The optimism is a result of Gareth spending two and a half years voluntarily attending a domestic violence prevention programme. “It was my salvation,” he says.
“I walked in there thinking it would be some sort of back-slapping exercise, but it wasn’t. It completely turned my world upside down.”
Bronwyn says the programme gave Gareth the tools he needs to cope with the issues behind his devastating behaviour. “The programme was about changing core beliefs of how they perceive women, or perceive their role within a family,” she says. “Or in life. It literally rocks you to the core.”
On Tuesday, probation inspectors expressed concern that the number of perpetrators being referred to the only course to be accredited by a public authority, Building Better Relationships, was falling, as was the completion rate.
Violence prevention programmes are hugely controversial. This was recently underlined by fierce reaction to a social media campaign by Essex police and county council that many accused of encouraging survivors to stay with perpetrators.
Campaigners and charities cautiously welcome schemes that are appropriately accredited, but said they are concerned they could be used as quicker, cheaper solutions at the expense of safe and effective practices, such as providing refuge to women fleeing abuse. Refuge, the domestic violence charity, has previously said there was a lack of evidence the programmes worked and questioned funding support for “violent men”.
But research into the impact of such programmes has produced broadly supportive findings.
Cambridge University researchers found that a two-session counselling programme for low-level, first time domestic abusers cut re-offending rates by a third, while an earlier groundbreaking study, Project Mirabal, led by professors from Durham and London Metropolitan universities, found far fewer women reported being physically injured after their partner had attended a programme, with 61% before compared to 2% after.
Gareth, who lives in North Wales, said he always had a temper but his behaviour spiralled shortly after the death of his 14-month-old daughter.

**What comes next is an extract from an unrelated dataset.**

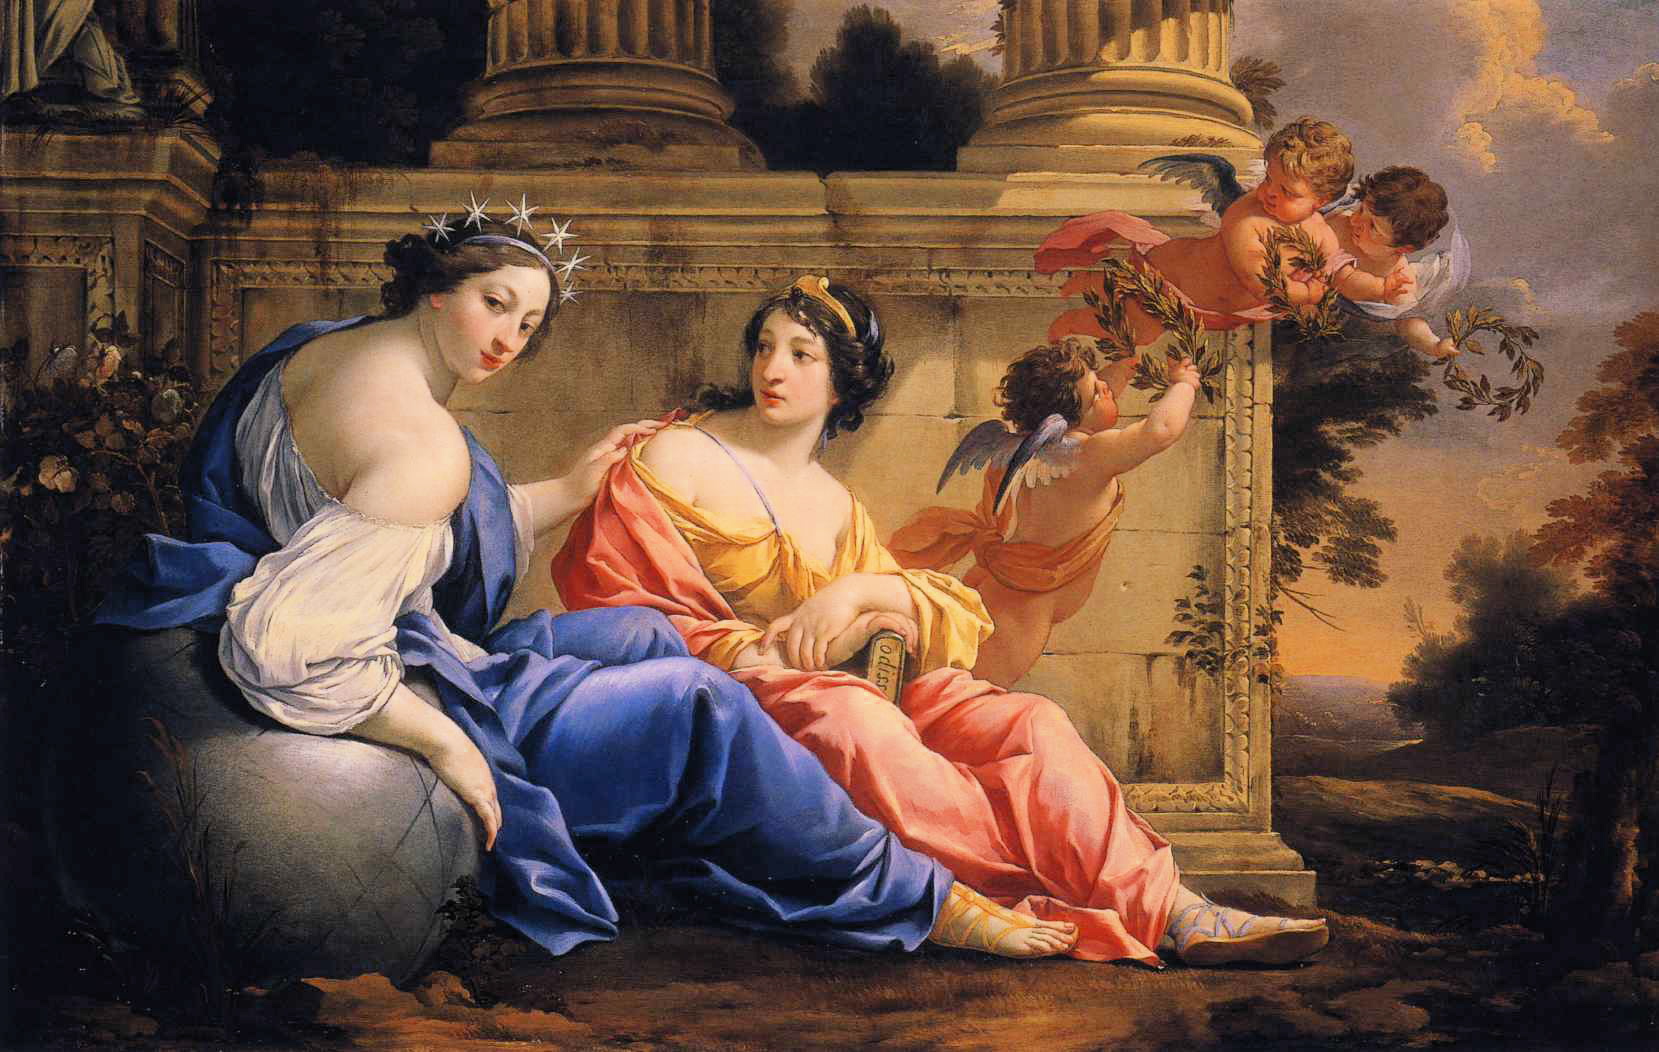 http://fr.academic.ru/pictures/frwiki/83/Simon_Vouet_-_The_Muses_Urania_and_Calliope.JPG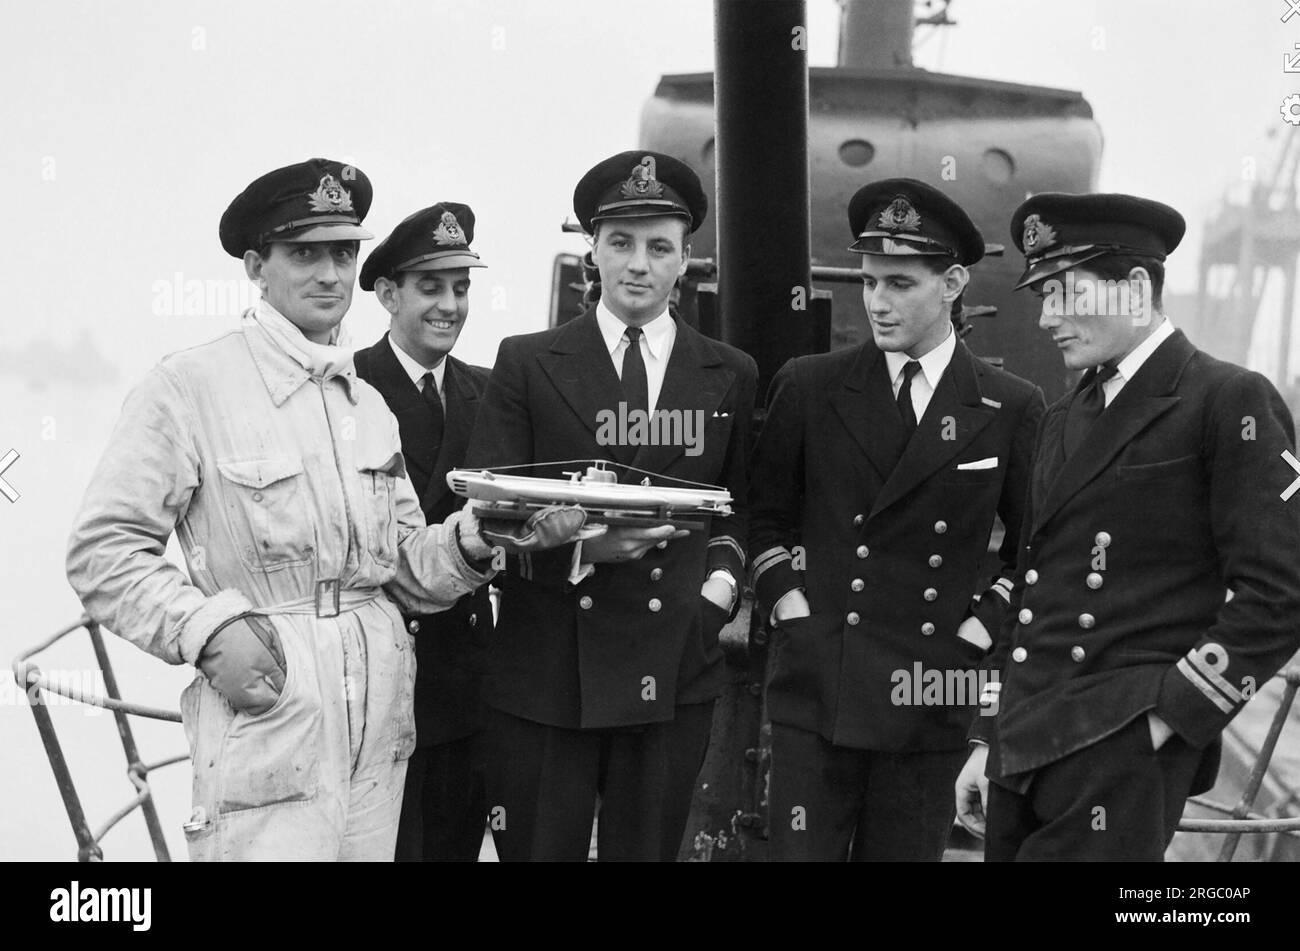 OPERATION N MINCEMEAT 1943 The officers of HMS Seraph the submarine which carried Martin's body to Spain photographed in December 1943 with commanding officer Lieutenant N Jewell MBE second from right. They are admiring the model of their  submarine made by  Warrant Engineer M Stevenson DSC at left Stock Photo

“I was a very arrogant person,” he says. “I always saw everyone else’s problem as their problem, not my problem. But I was living a lie.”
He first physically assaulted his wife, who at eight stone was half his size, about six years ago. She had just come off a Skype call with her parents, in which he wrongly thought she had said something derogatory about him.
“I just basically exploded. It was awful,” he says. “I pushed her with such force she went over the double bed and over the other side.”
He was charged and convicted of common assault but after moving out of the home for about six months returned to the family to find nothing had changed. “The arguments were getting worse and getting physical,” he says.
Bronwyn, 47, a nurse, recalls how Gareth’s behaviour deteriorated after he lost their child. “I’ve been pushed to the floor and he has stood over me and spat at me when he’s been drunk,” she says. “It’s been as bad as that.”
About three years ago, estranged from his wife, Gareth started attending Choose2Change, the violence prevention programme run by the relationship counselling organisation Relate Cymru and accredited by the domestic violence charity Respect.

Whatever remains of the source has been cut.